News:

Masm32 SDK description, downloads and other helpful links
Message to All Guests
NB: Posting URL's See here: Posted URL Change

Main Menu

GlobalAlloc, GlobalFree, Malloc and friends

Started by frktons, December 23, 2012, 05:23:05 AM

Previous topic - Next topic

frktons

Hi friends. Happy Holydays.

I'm trying to understand if it is possible, when allocating memory, to
have it aligned by 4-8-16. I didn't find any exaustive info so far.
And the second point I still don't have clear in my mind is when is it
important to deallocate/free the previously allocated memory?

Thanks for your help.

Frank
There are only two days a year when you can't do anything: one is called yesterday, the other is called tomorrow, so today is the right day to love, believe, do and, above all, live.

Dalai Lama

dedndave

it's already aligned
i think by 16

if it were not...
you could allocate 15 extra bytes
store the returned address to be used by the Free function
then ADD 15 to it, then AND it with 0FFFFFFF0h and use that as an aligned access address

frktons

Quote from: dedndave on December 23, 2012, 05:53:18 AM
it's already aligned
i think by 16

if it were not...
you could allocate 15 extra bytes
store the returned address to be used by the Free function
then ADD 15 to it, then AND it with 0FFFFFFF0h and use that as an aligned access address

According to MSDN:
Quote
http://msdn.microsoft.com/en-us/library/aa366574(v=vs.85).aspx

says, inter alia


Memory allocated with this function is guaranteed to be aligned on an 8-byte boundary.
To execute dynamically generated code, use the VirtualAlloc function to allocate memory
and the VirtualProtect function to grant PAGE_EXECUTE access.

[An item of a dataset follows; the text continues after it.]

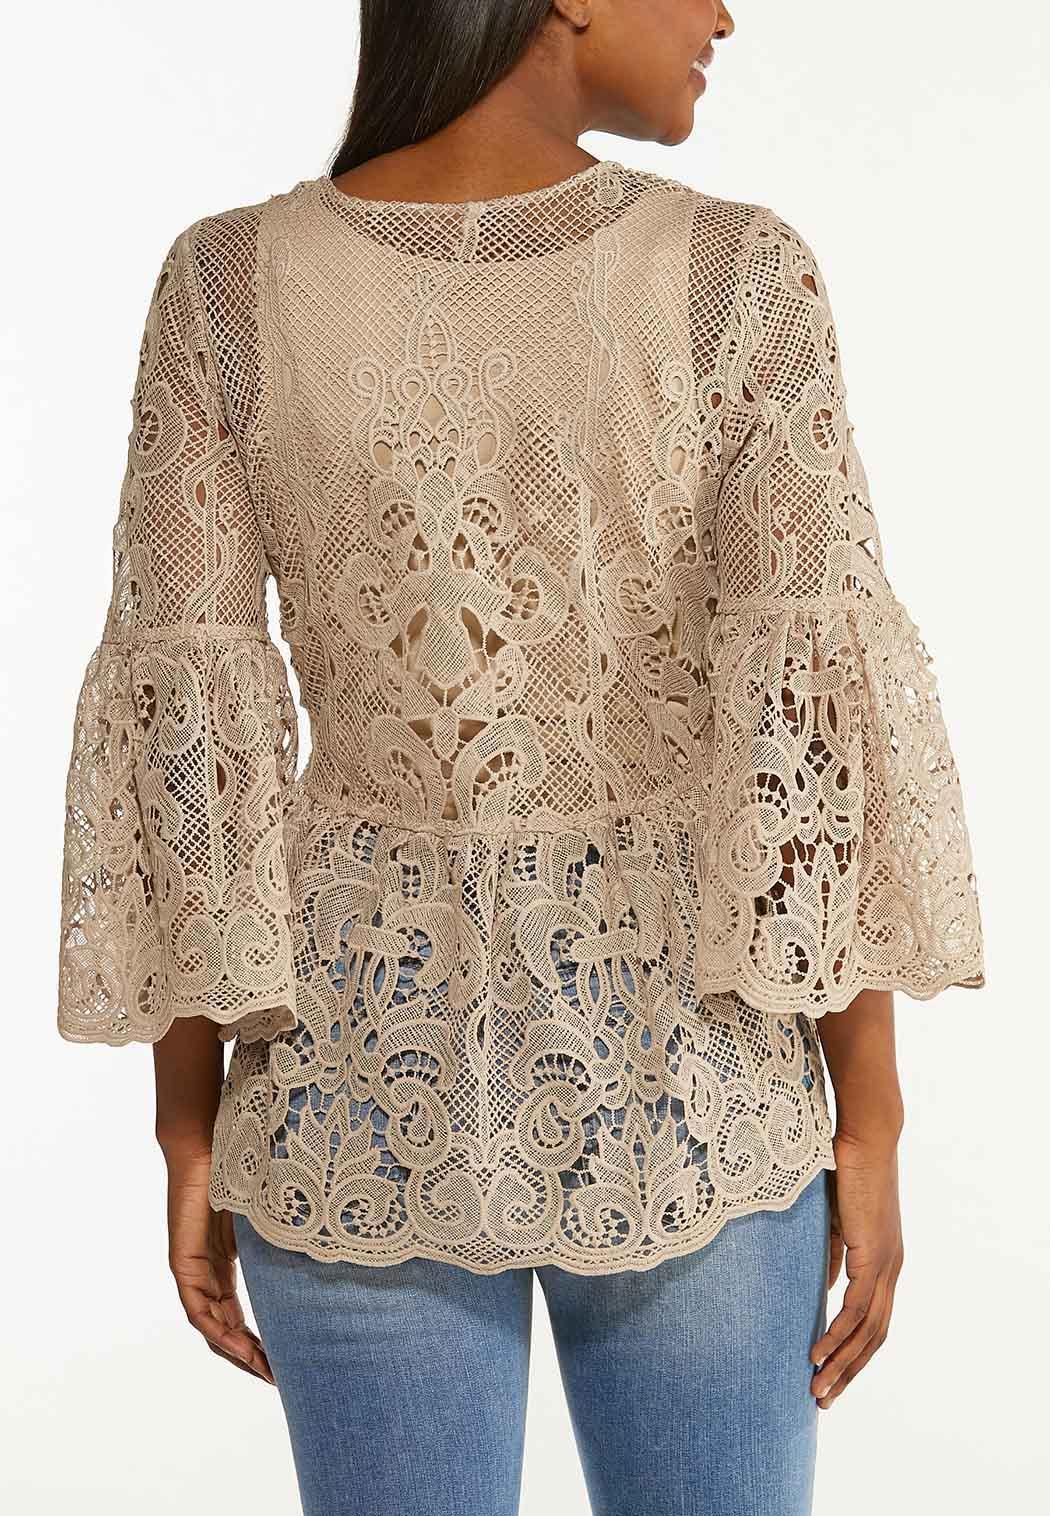 Plus Size Tan Crochet Peplum Top (Item #44509591)
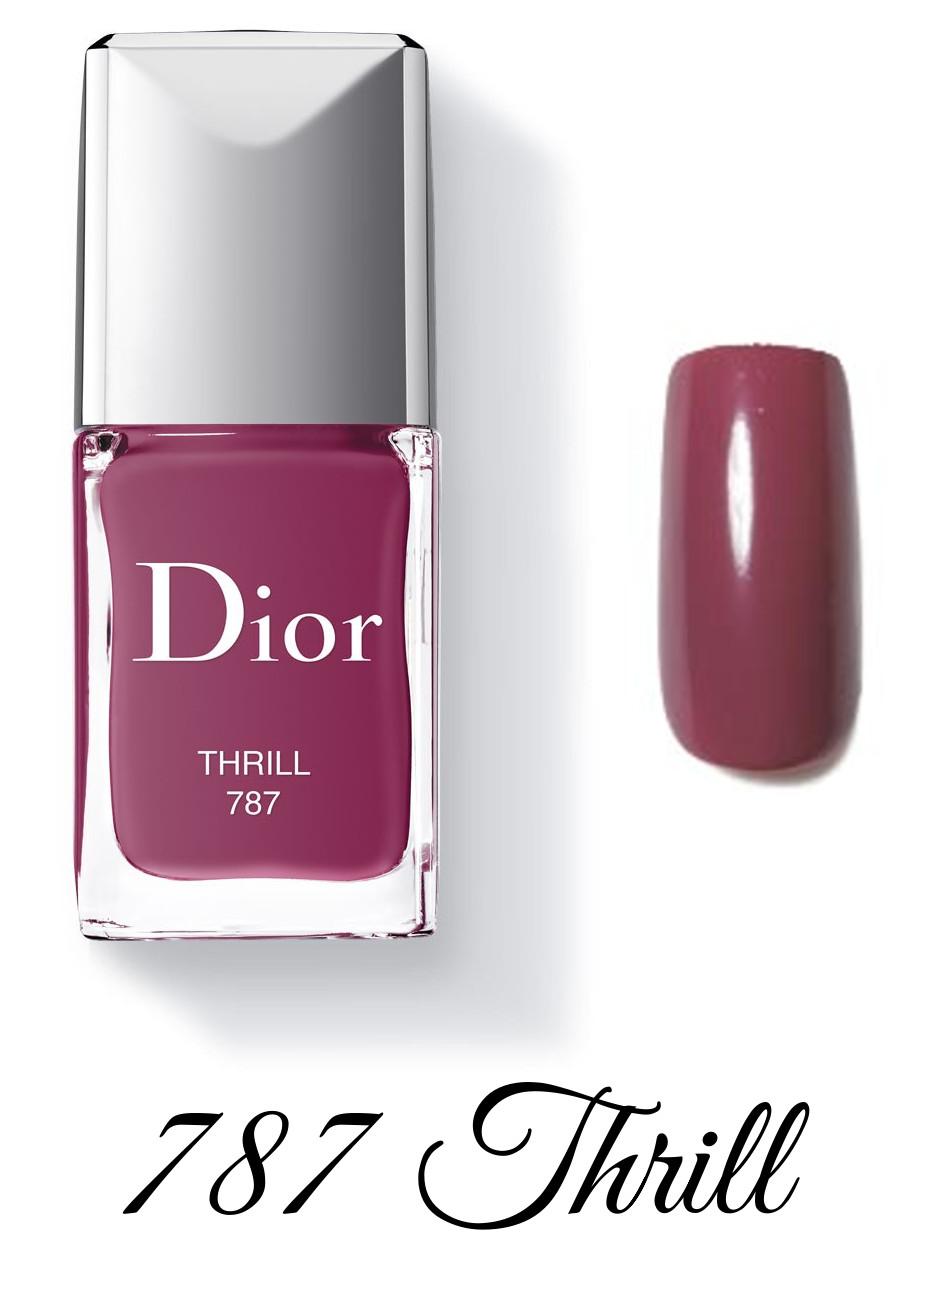 Dior Spring 2018 Collection GLOW ADDICT Dior Vernis 787 Thrill

It seems the standard allocation is 8 aligned. And for 16 alignment
it is probably needed to use something like the one you suggested.
I'll make some tests with GlobalAlloc/HeapAlloc and see what alignment
I get.
There are only two days a year when you can't do anything: one is called yesterday, the other is called tomorrow, so today is the right day to love, believe, do and, above all, live.

Dalai Lama

Donkey

GlobalAlloc is aligned on 8 byte boundaries.

// Sorry frktons, I was typing while you answered....
"Ahhh, what an awful dream. Ones and zeroes everywhere...[shudder] and I thought I saw a two." -- Bender
"It was just a dream, Bender. There's no such thing as two". -- Fry
-- Futurama

Donkey's Stable

frktons

Quote from: Donkey on December 23, 2012, 06:03:15 AM
GlobalAlloc is aligned on 8 byte boundaries.

// Sorry frktons, I was typing while you answered....

Thanks. No problem Edgar.
I recall that in an old program, we used GlobalAlloc to allocate
16 MB and after we accessed it with SSE2 instructions and XMM registers
that require 16 bytes alignment.
And it worked. I'm wondering why, then, it worked?
Shouldn't it throw a General Protection Fault?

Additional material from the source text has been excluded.